● Exercise: A faithful, word-for-word copy of the data below is required, without pictures.

Data provided section start

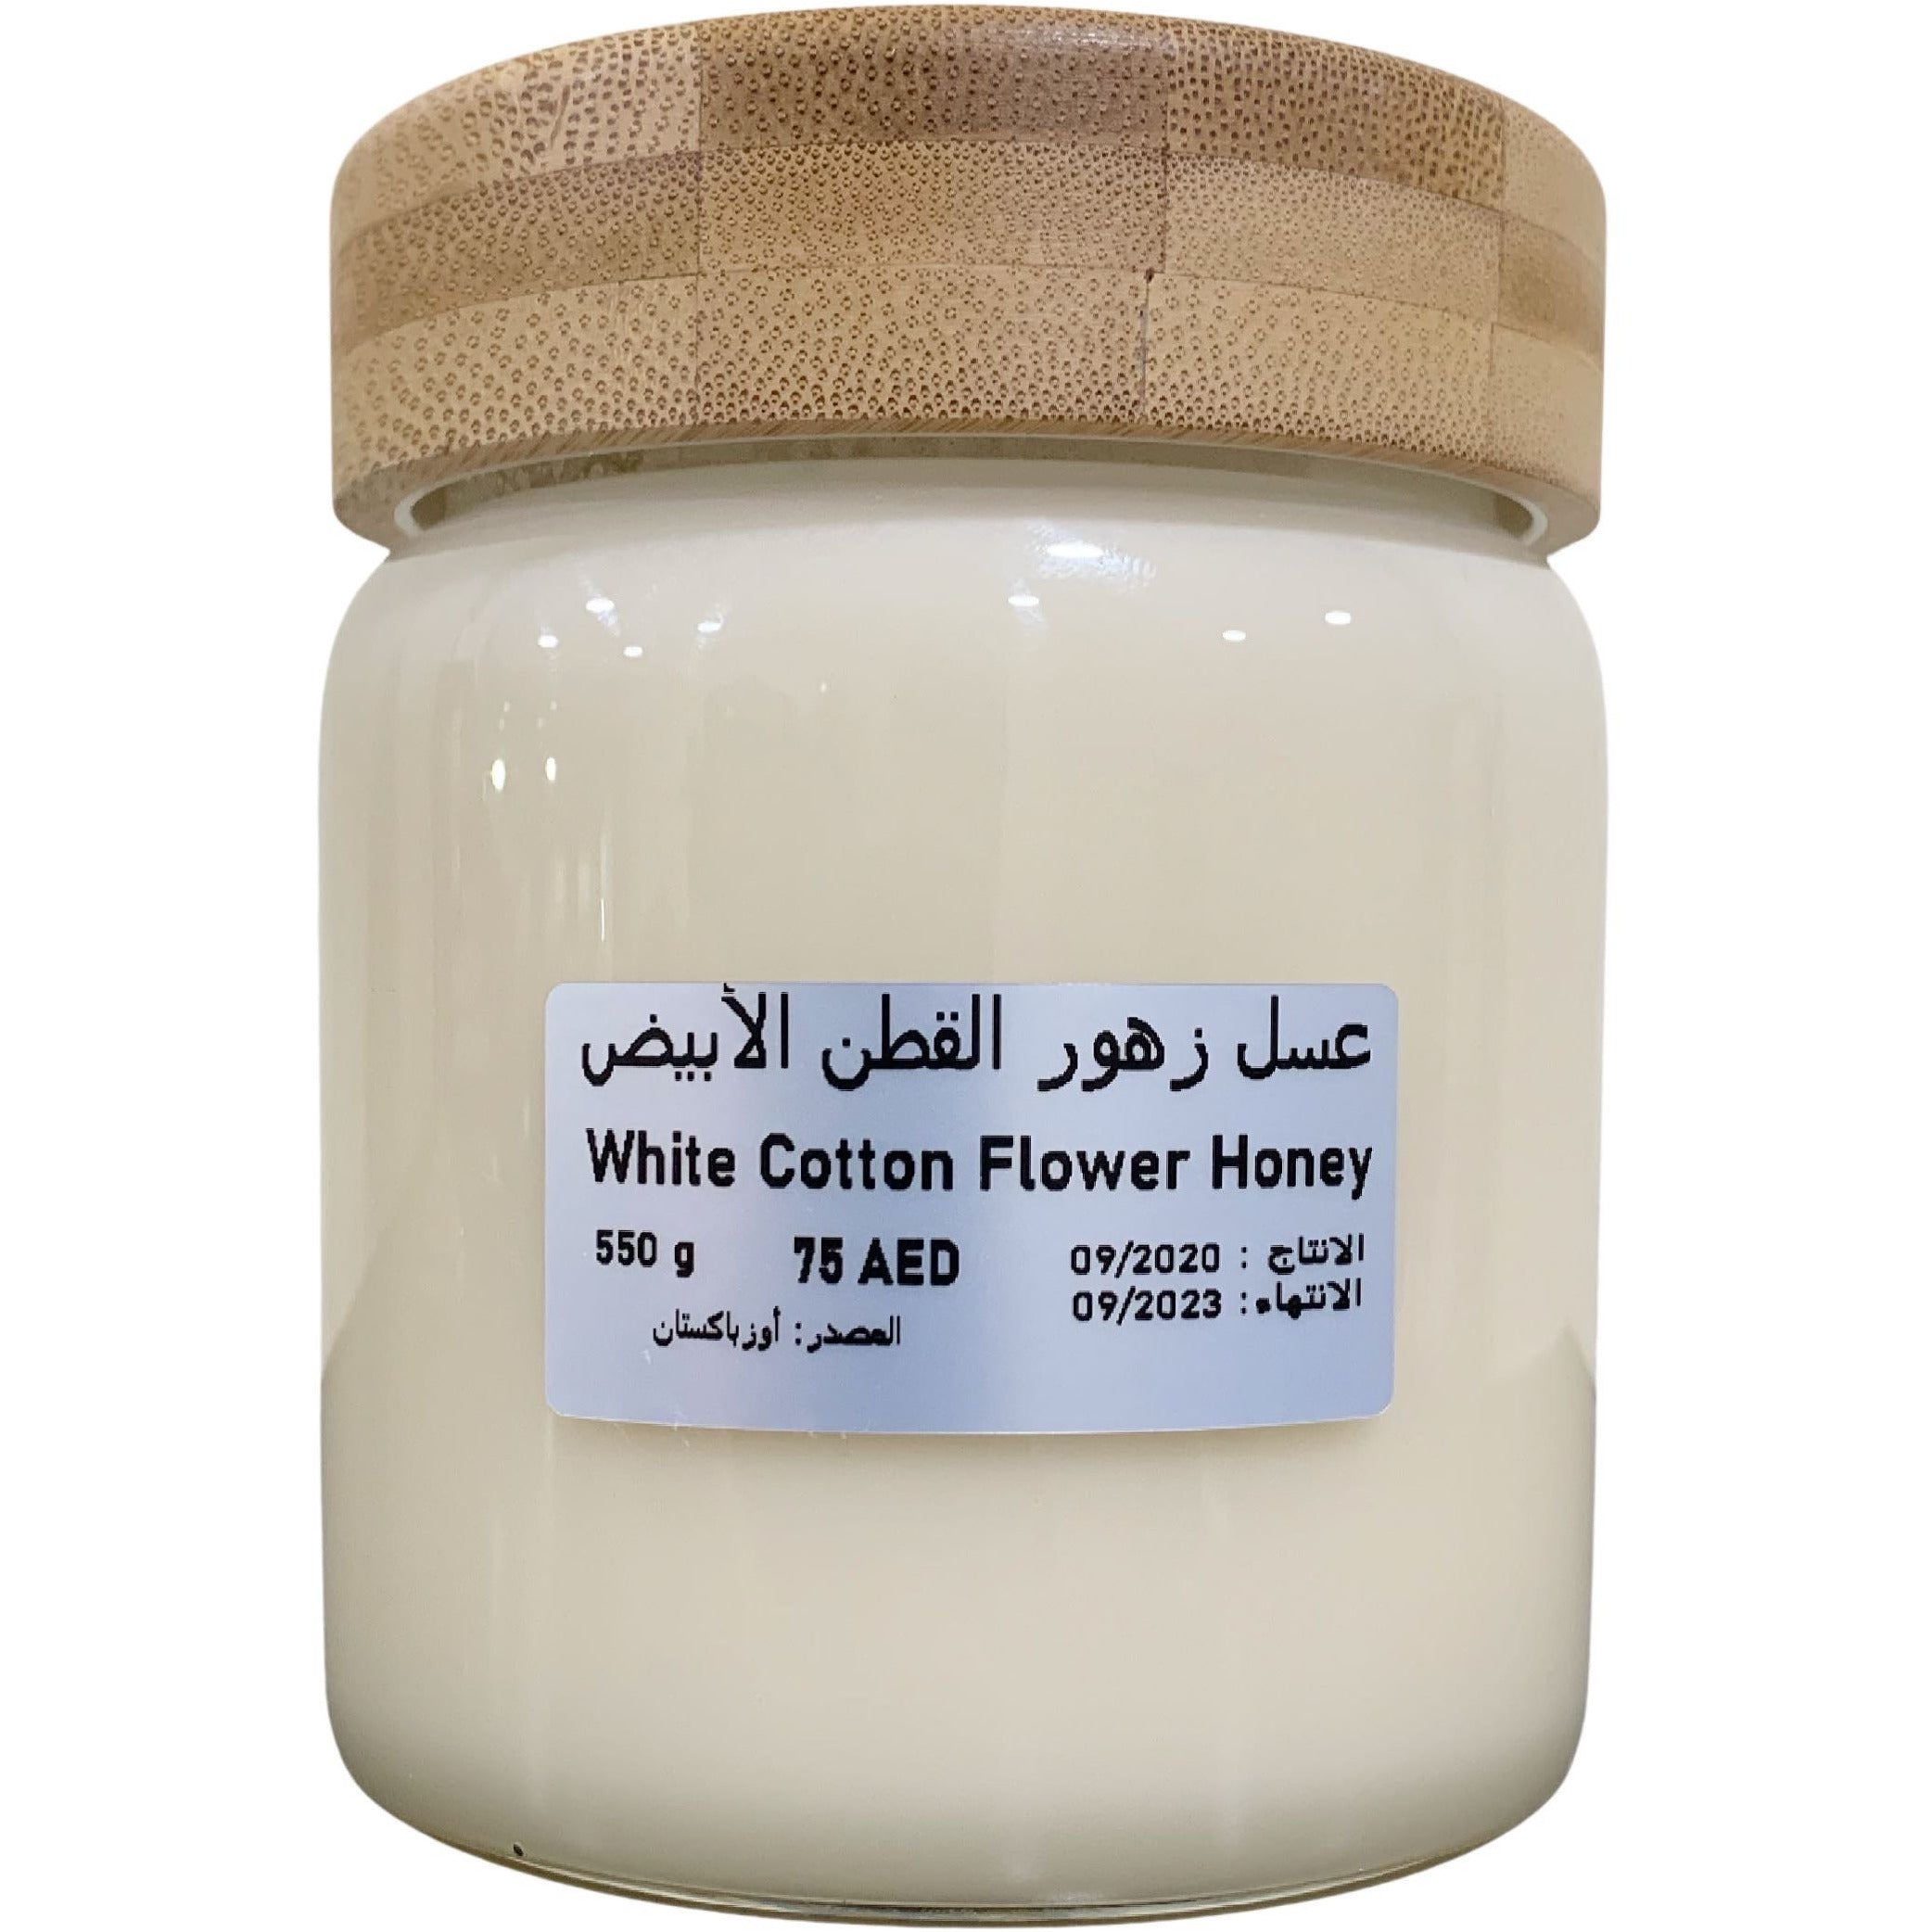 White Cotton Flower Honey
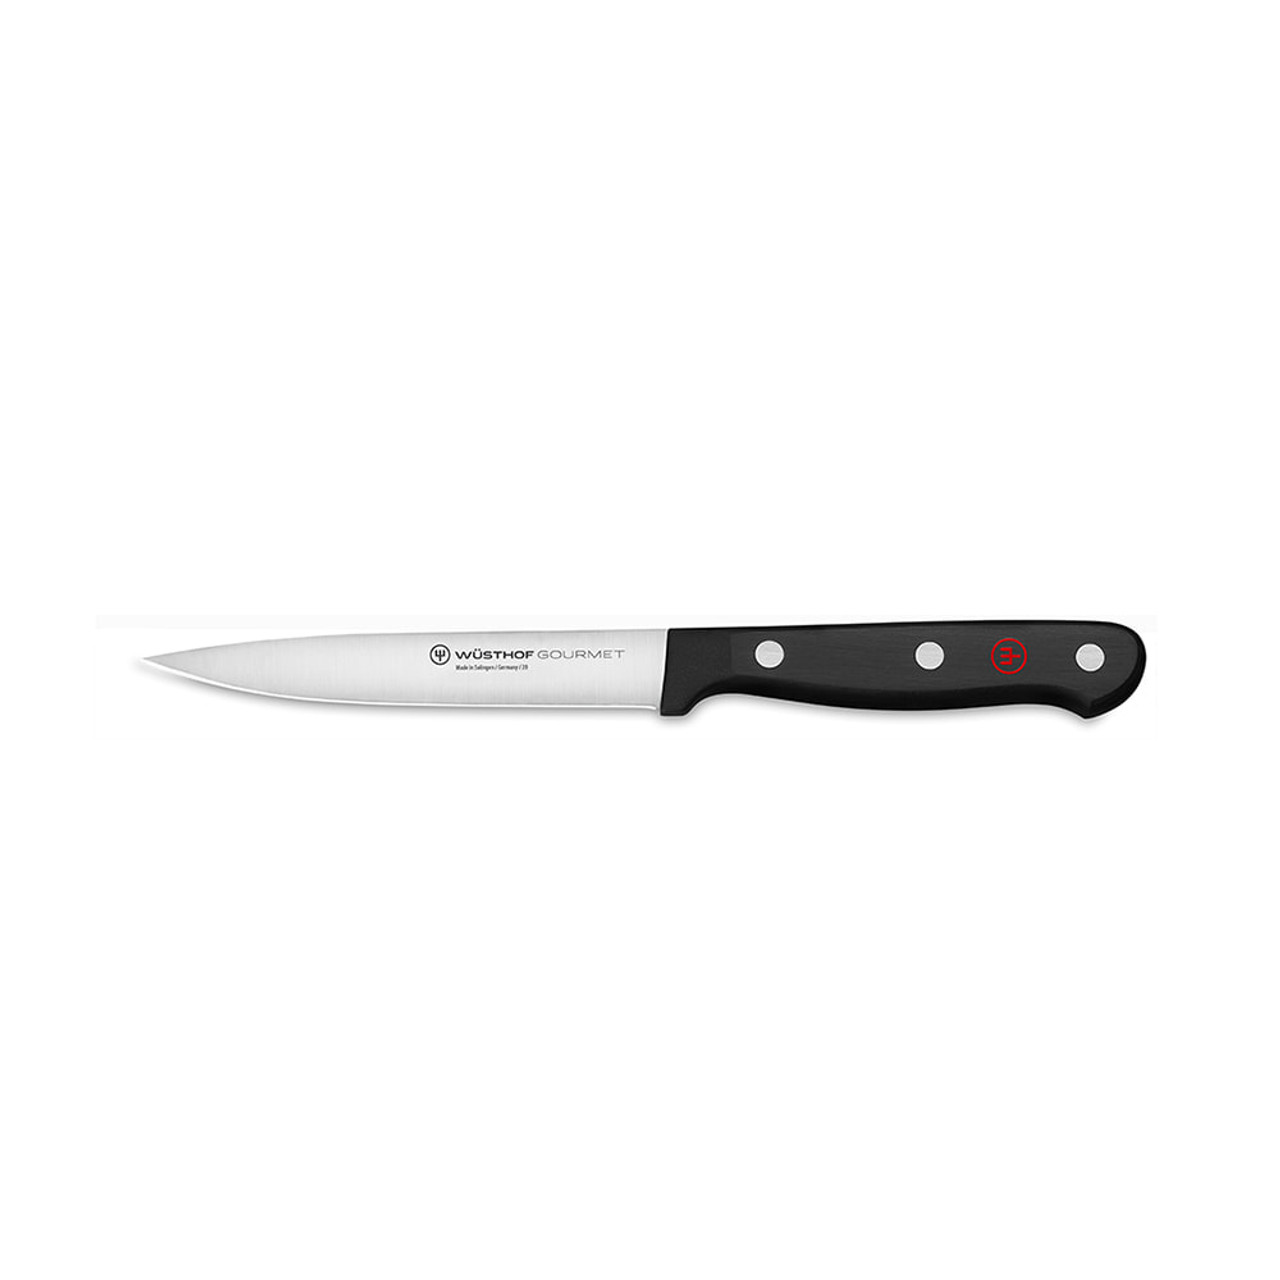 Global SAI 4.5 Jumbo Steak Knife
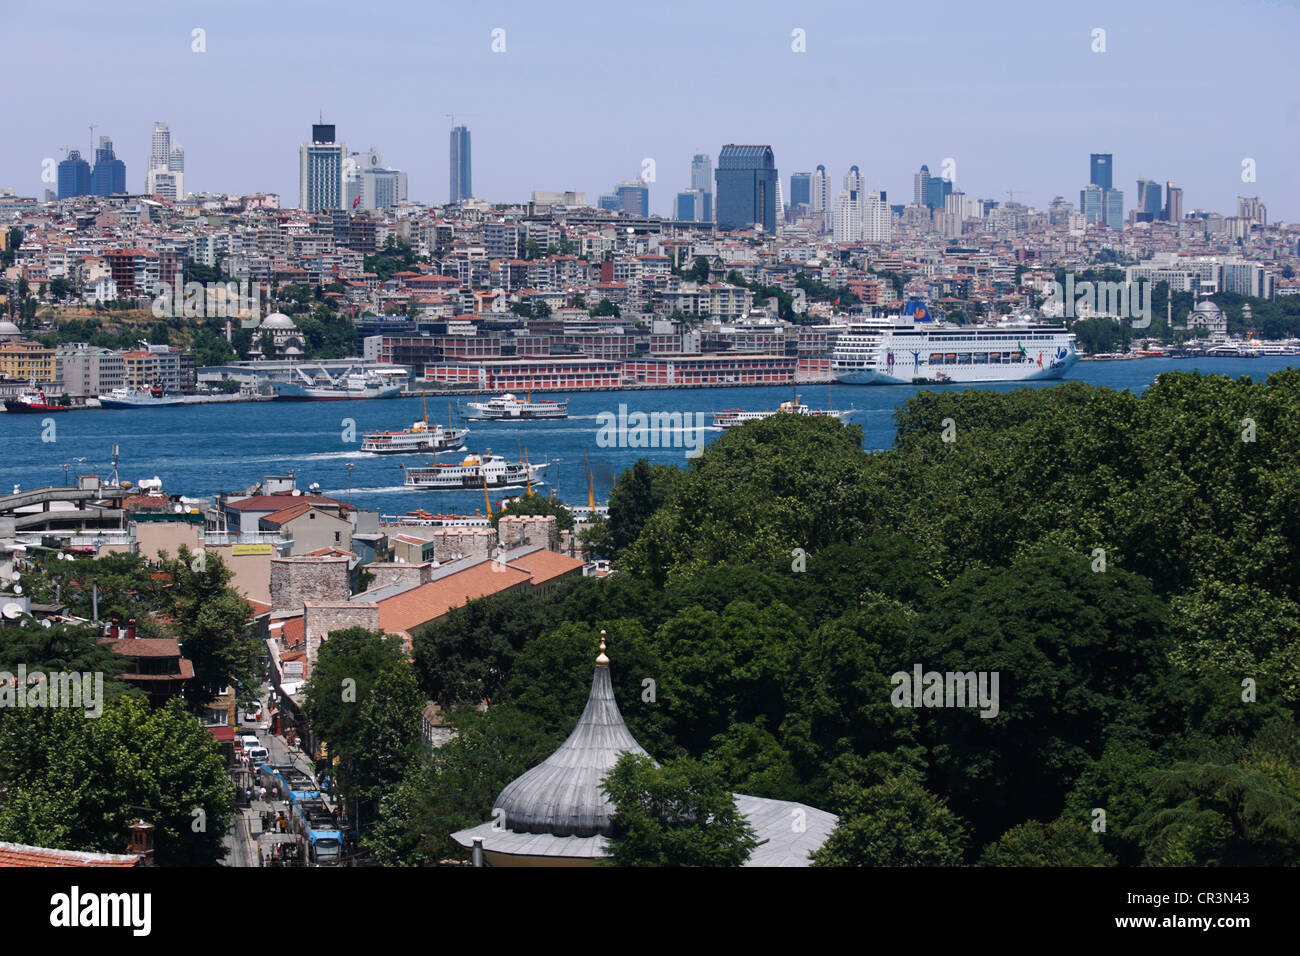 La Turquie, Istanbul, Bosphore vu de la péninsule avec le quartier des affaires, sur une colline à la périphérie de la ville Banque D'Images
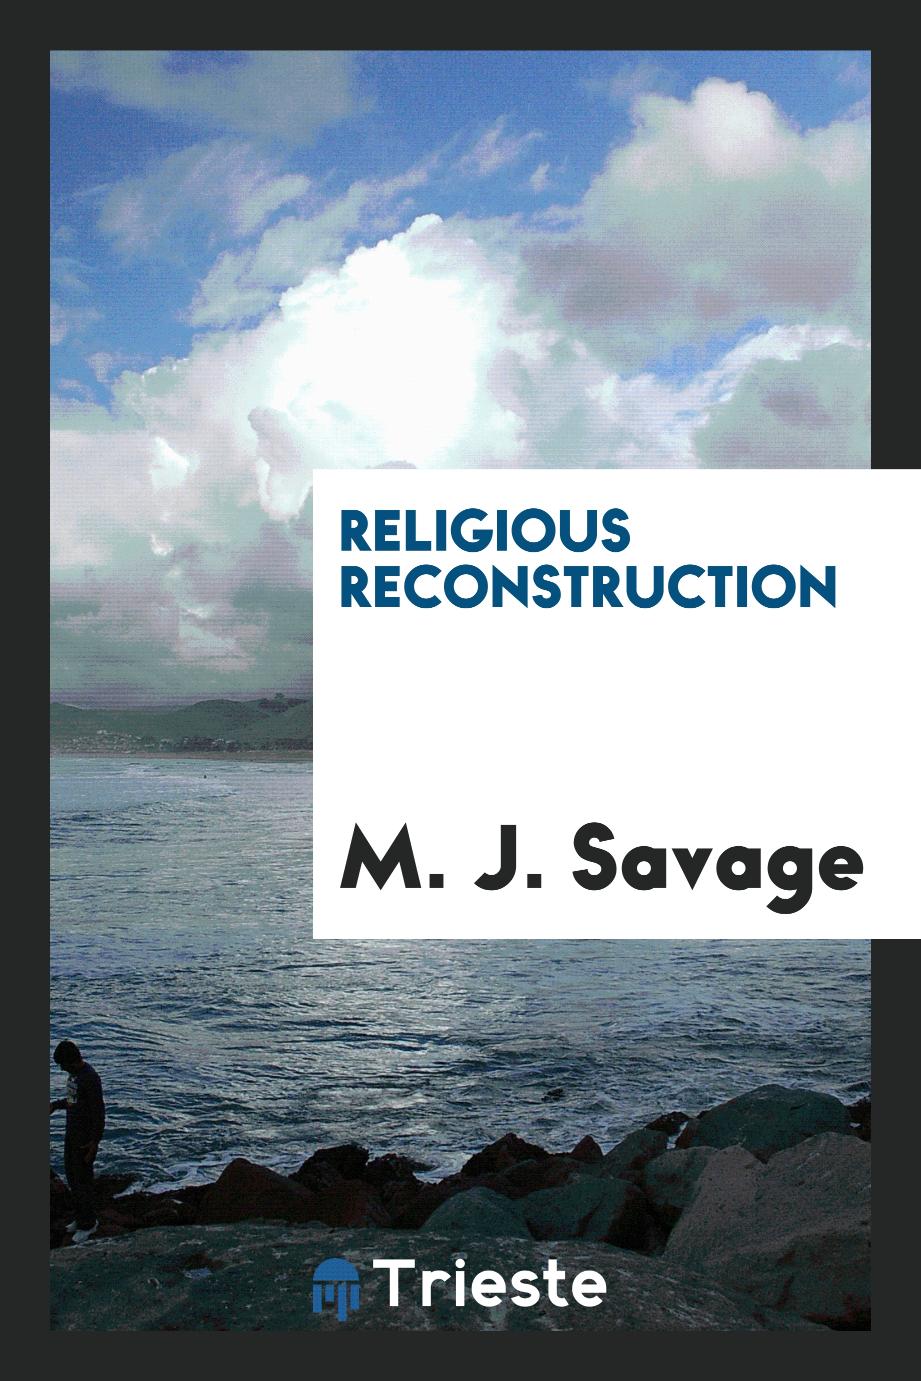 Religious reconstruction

Data provided section end

● Result of the task:
 White Cotton Flower Honey
 Global SAI 4.5 Jumbo Steak Knife
 La Turquie, Istanbul, Bosphore vu de la péninsule avec le quartier des affaires, sur une colline à la périphérie de la ville Banque D'Images
 Religious reconstruction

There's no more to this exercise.